Each day, employers are faced with many dilemmas relating to operating both legitimately and lawfully.  One of the most vexing issues is how to classify a worker.  Recently, the decision made by the employer has reached heightened significance, seemingly in lockstep with agency enforcement efforts and penalties.  More recently, I authored an article based upon my experience in employee classification matters relating to a pyrotechnics display operator.  The article explained that many of the determinations made by the administrative law judge and, subsequently, the appellate court, are equally applicable to other display operators and, by extension, other groups of employers.

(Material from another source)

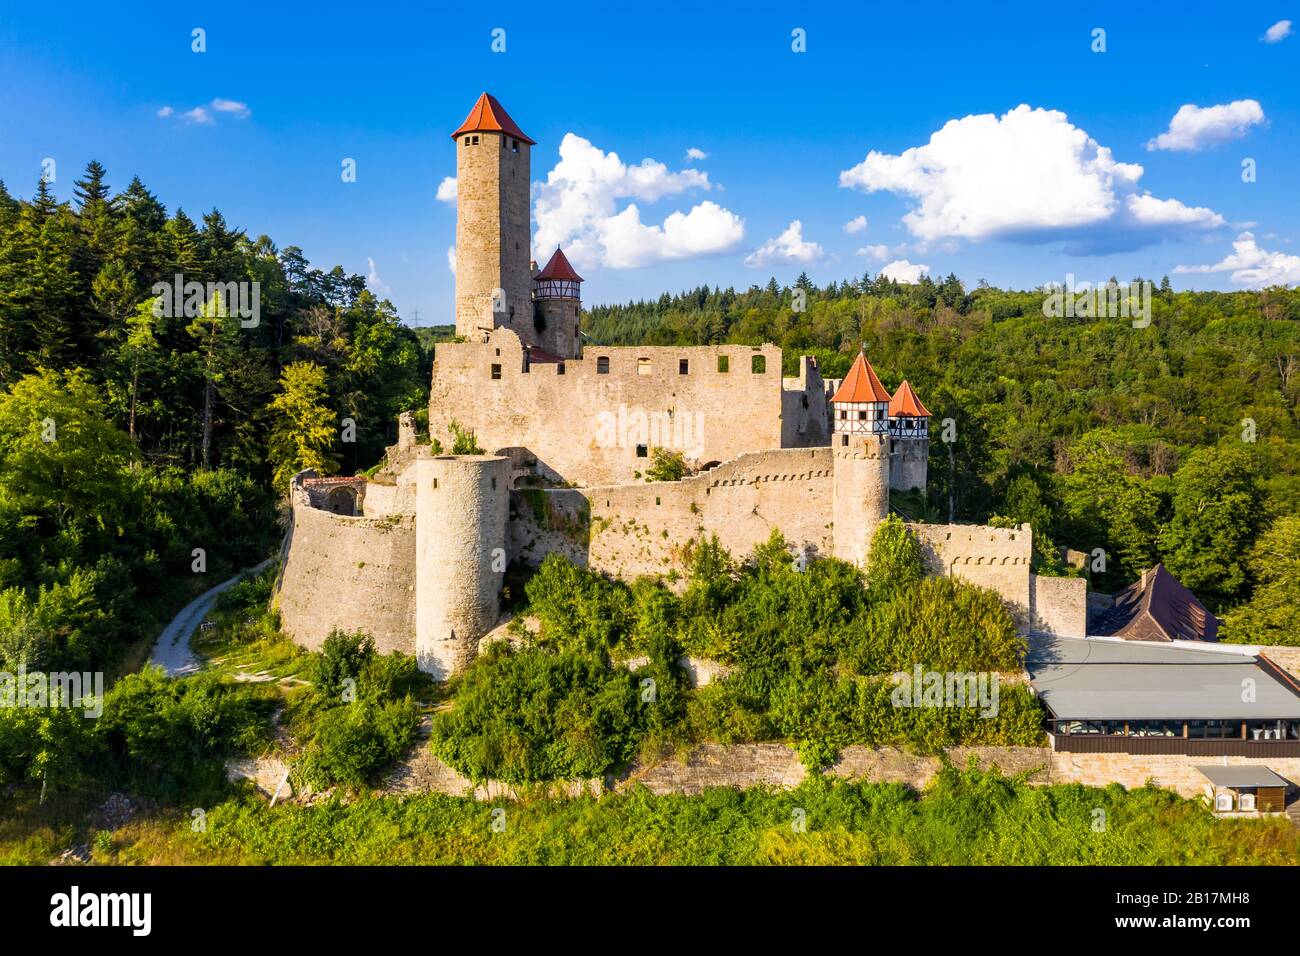 Germany, Baden-Wurtemberg, Neckarzimmern, Hornberg Castle in summer Stock Photo

The case in New York was also the subject of examination at a recent industry gathering in Nevada, and I reviewed the seminar materials.  It is my humble opinion that the thrust of the seminar seems to explain that, notwithstanding the decision from New York’s Appellate Division (essentially, a court of final review for most legal disputes in NYS), it is too risky for fireworks display operators to do anything other than classify all pyrotechnics workers as employees.  While the safest and most expensive option may be to err on the side of caution, it is not likely to be the most sensible or rational legal option for everyone.  I am fond of saying that a lawyer’s job includes identifying available options for a client to consider while it is the client’s prerogative to select the option to pursue based upon one’s appetite for risk; some clients are risk adverse while others are risk takers.  The following thoughts should add clarity to the issue of determining employee classification.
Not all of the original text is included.